Je ne sais pas, tu pourrais quand même faire un effort !
Que diable, il fait beau et hier, au jardin des roses, vint sous tes yeux une belle et tendre apparition.
Le matin, il pleuvait et le monde râlait sous les parapluies.
Marrant comme le monde râle pour des choses futiles : la pluie et le beau temps, par exemple.
Marrant aussi cet art de la dissimulation et du déni.
On se colle un pot de fard sur la tronche, on prend le pas assuré de celui à qui on ne la fait pas, mais c’est tout du décor de carton pâte.
Ça fond dès la première pluie.
Peut-être pour ça que ça râle et bougonne : le rimel sous la pluie ça évoque plus le jardin des horreurs que la beauté pure et brute cheminant entre les roses.
Je t’assure que j’ai su pourtant, écrire ici de belles choses.
J’ai tout supprimé, effacé, enfoui dans des cartons à jeter au feu.

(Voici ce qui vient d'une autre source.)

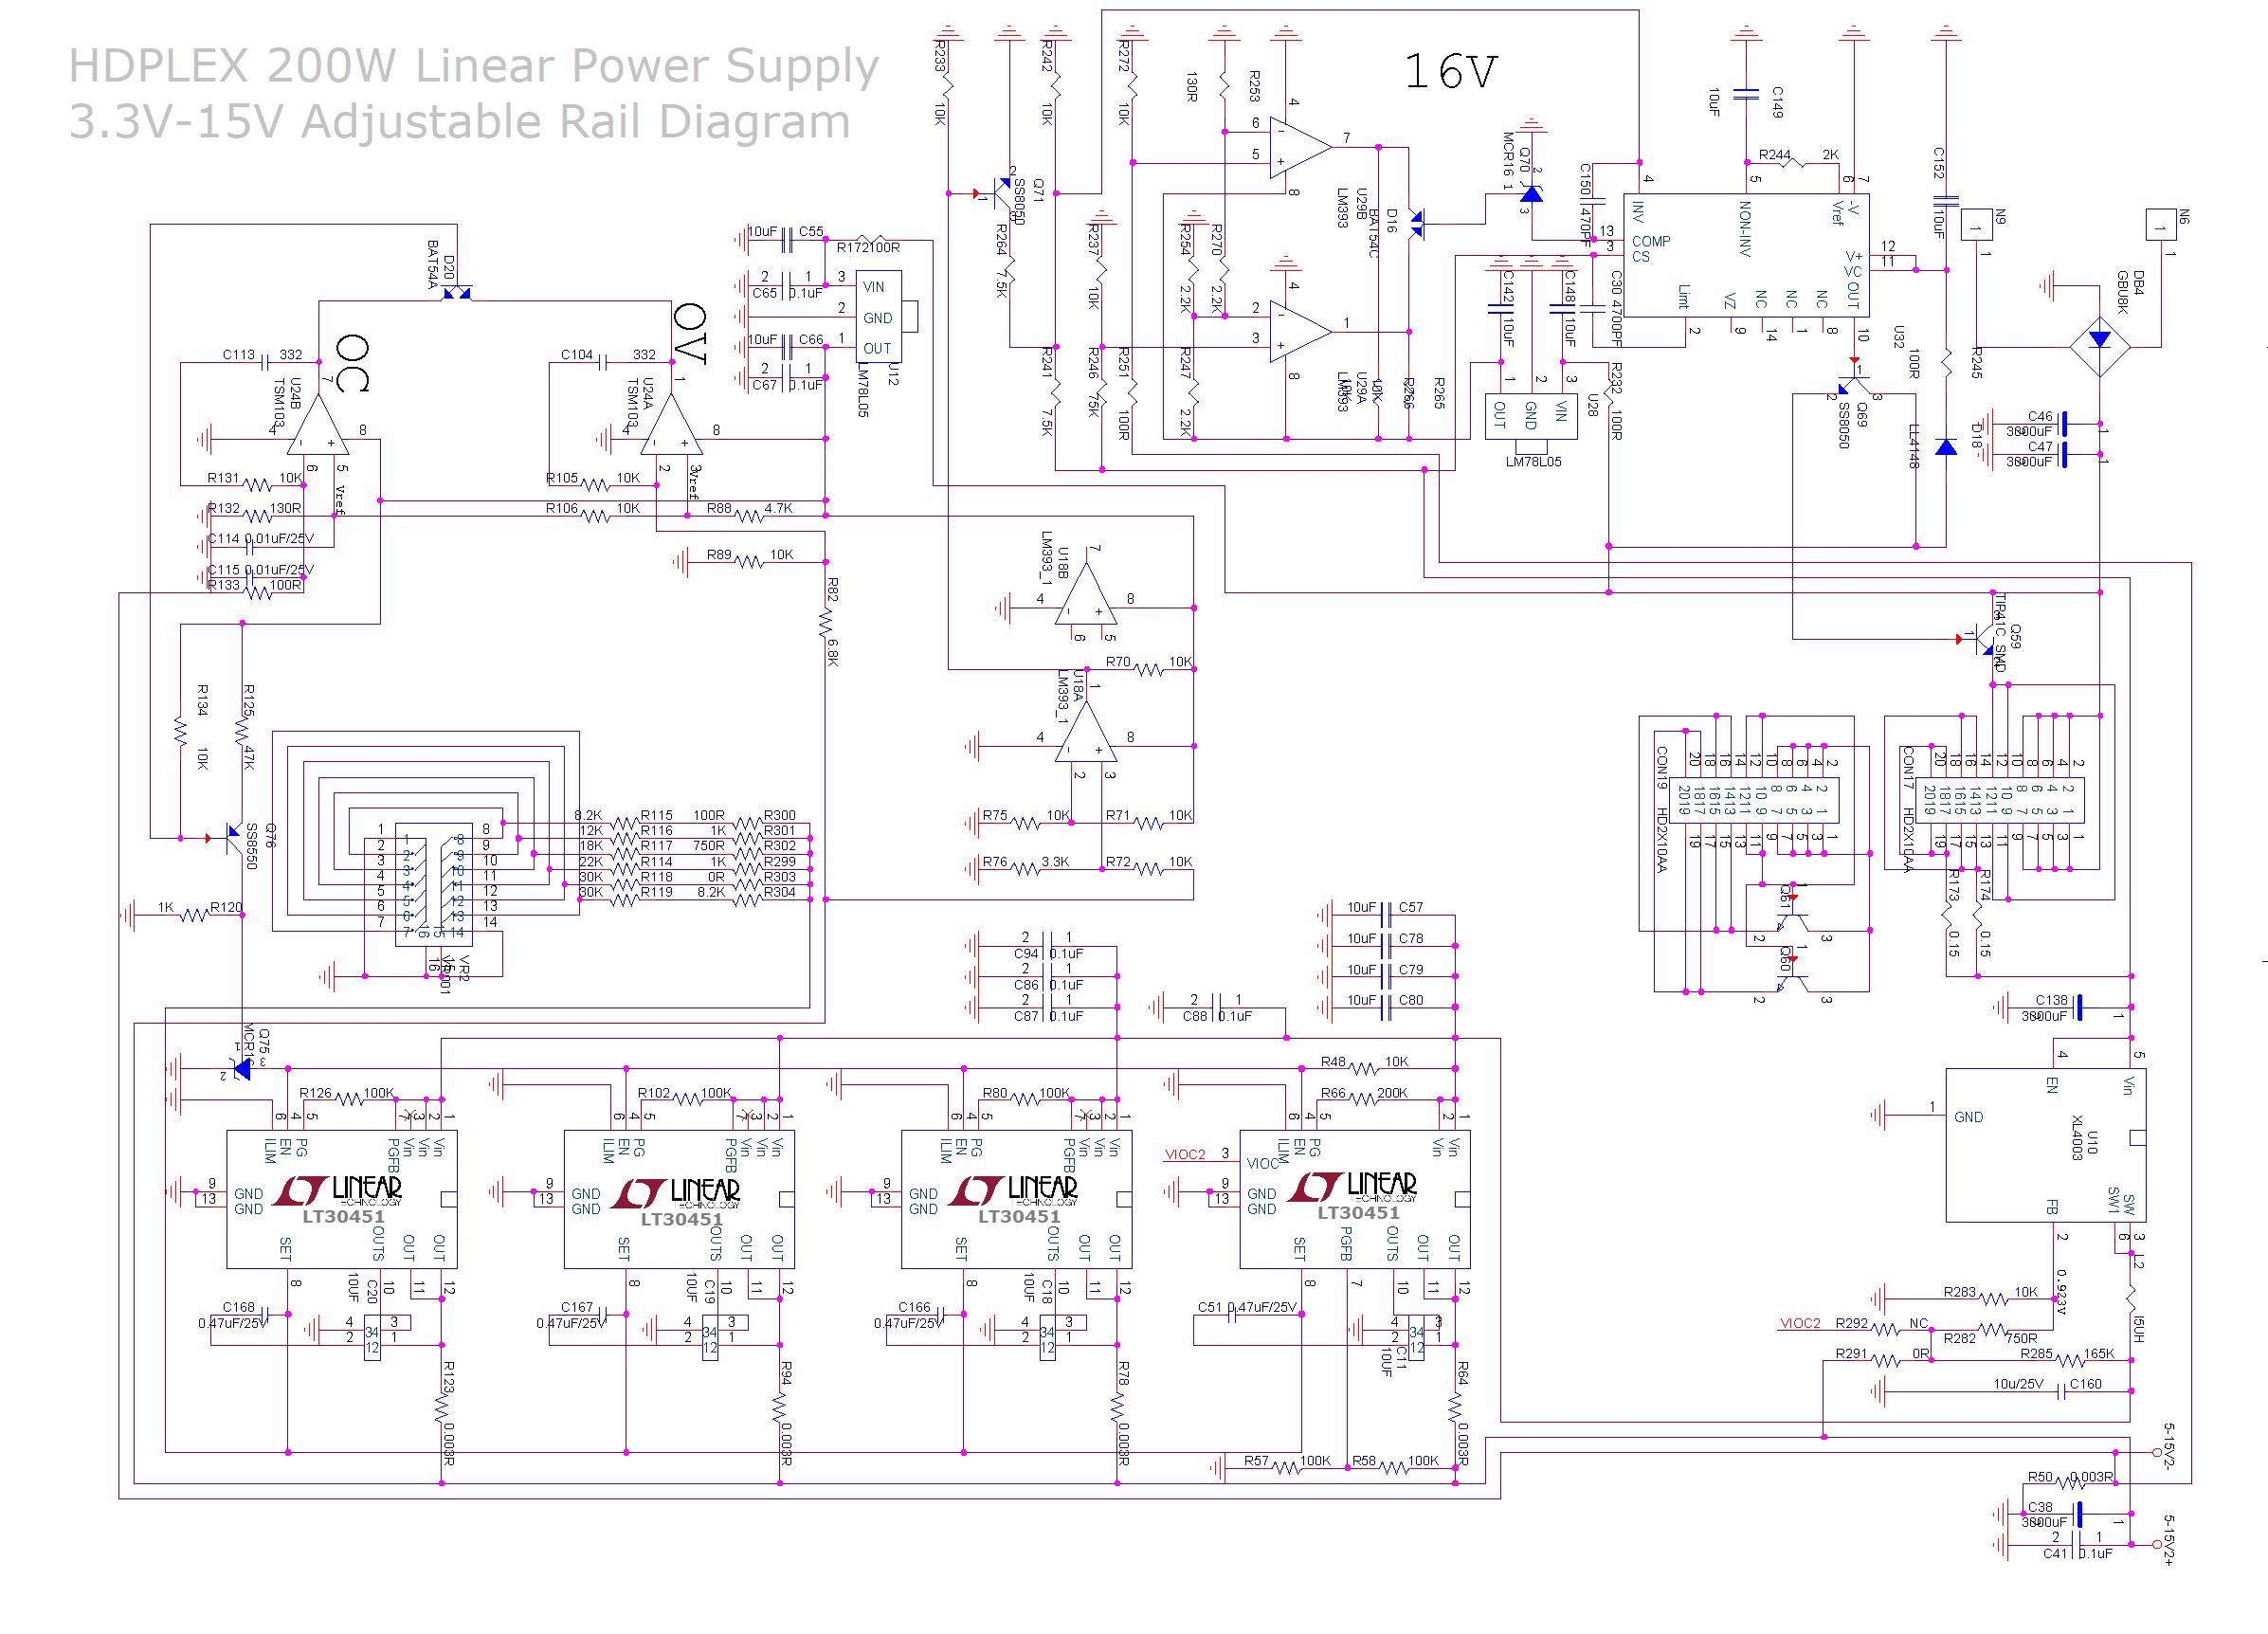 HDPLEX 200W Linear Power Supply Multi Rail Output on
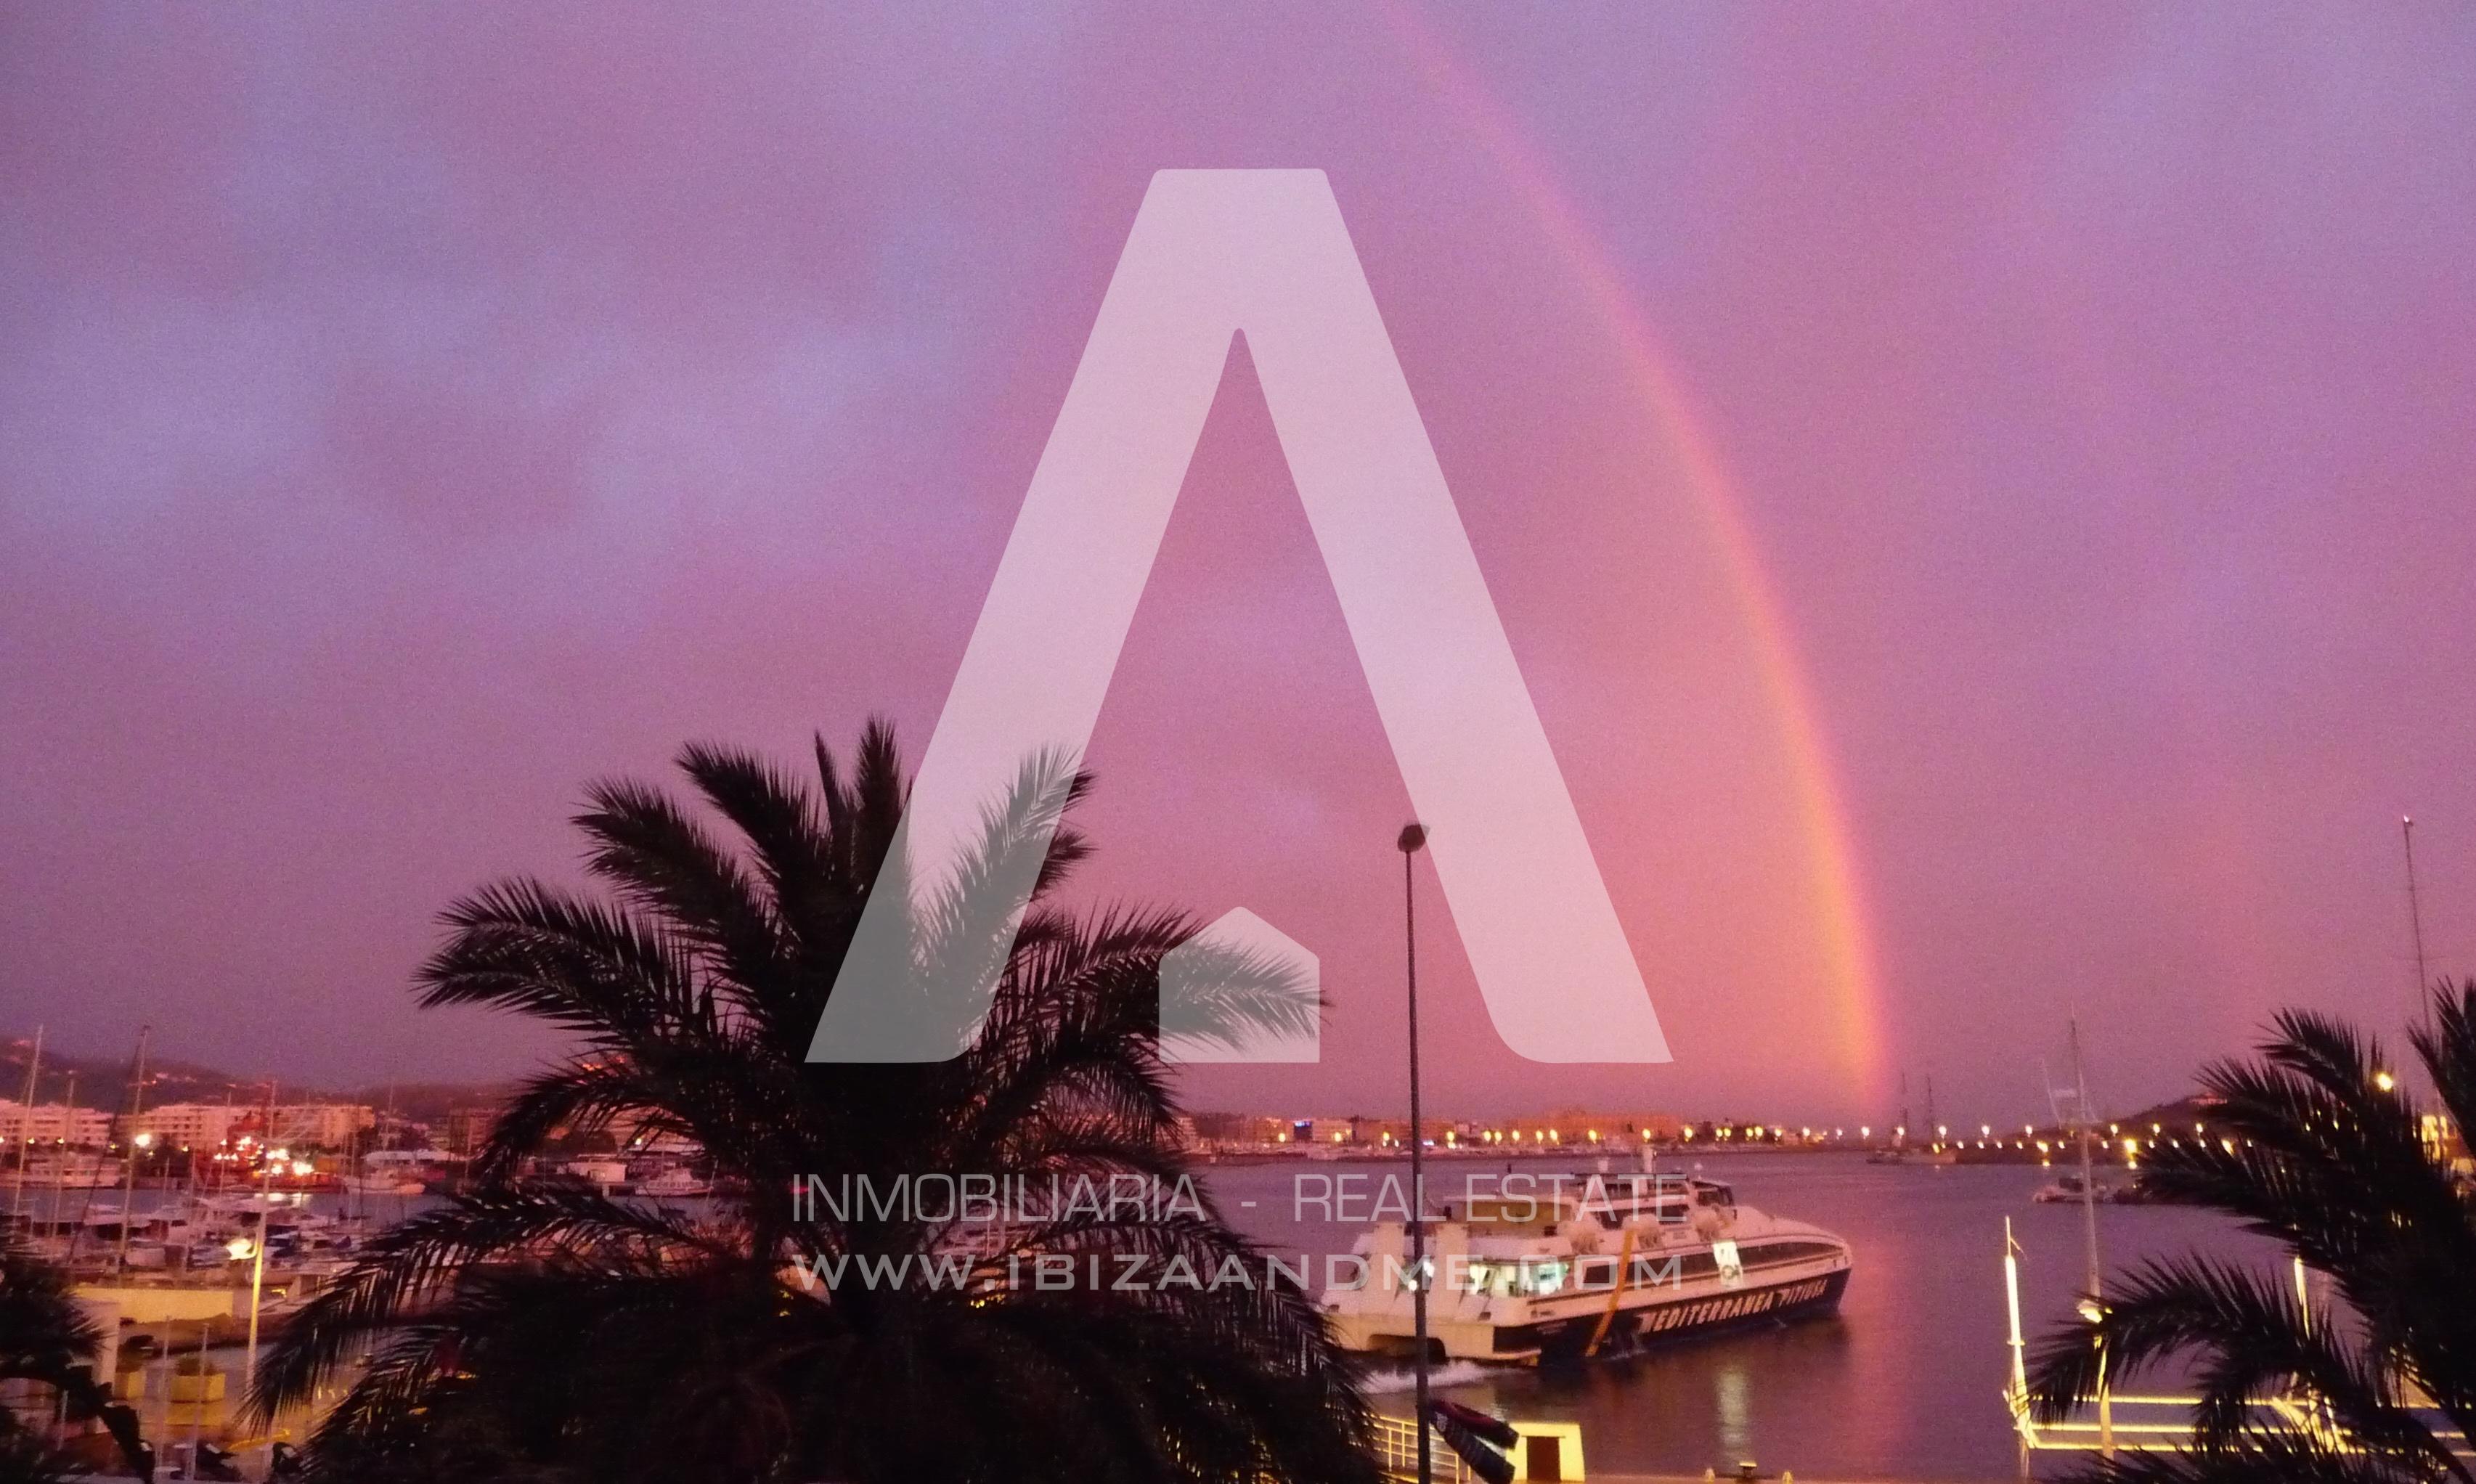 agua_19- Rainbow- Arco Iris

Je ne trouve plus le chemin de la beauté quand…
Quand tant de misères se répandent sur les trottoirs.
Quand on se noit dans la Bidassoa, en croyant atteindre le paradis.
Le paradis se referme sur de maigres souvenirs, ne laissant qu’un corps délavé de l’autre côté de la mémoire.
Nous ne saurons rien de celui-là comme des autres.
Et tu voudrais que je parle d’autre chose ?
Que je te cause de la beauté entrevue au coeur d’un jardin de roses ?
Du soleil caressant les pétales fanés, les bourgeons en attente ?
Je ne sais plus.
Je ne peux que m’asseoir un instant et rêver qu’à mes côtés les pauvres morts pour rien, les noyés de tous les temps me rejoignent.
Ils viendraient avec moi embrasser la beauté dans un rêve écarlate.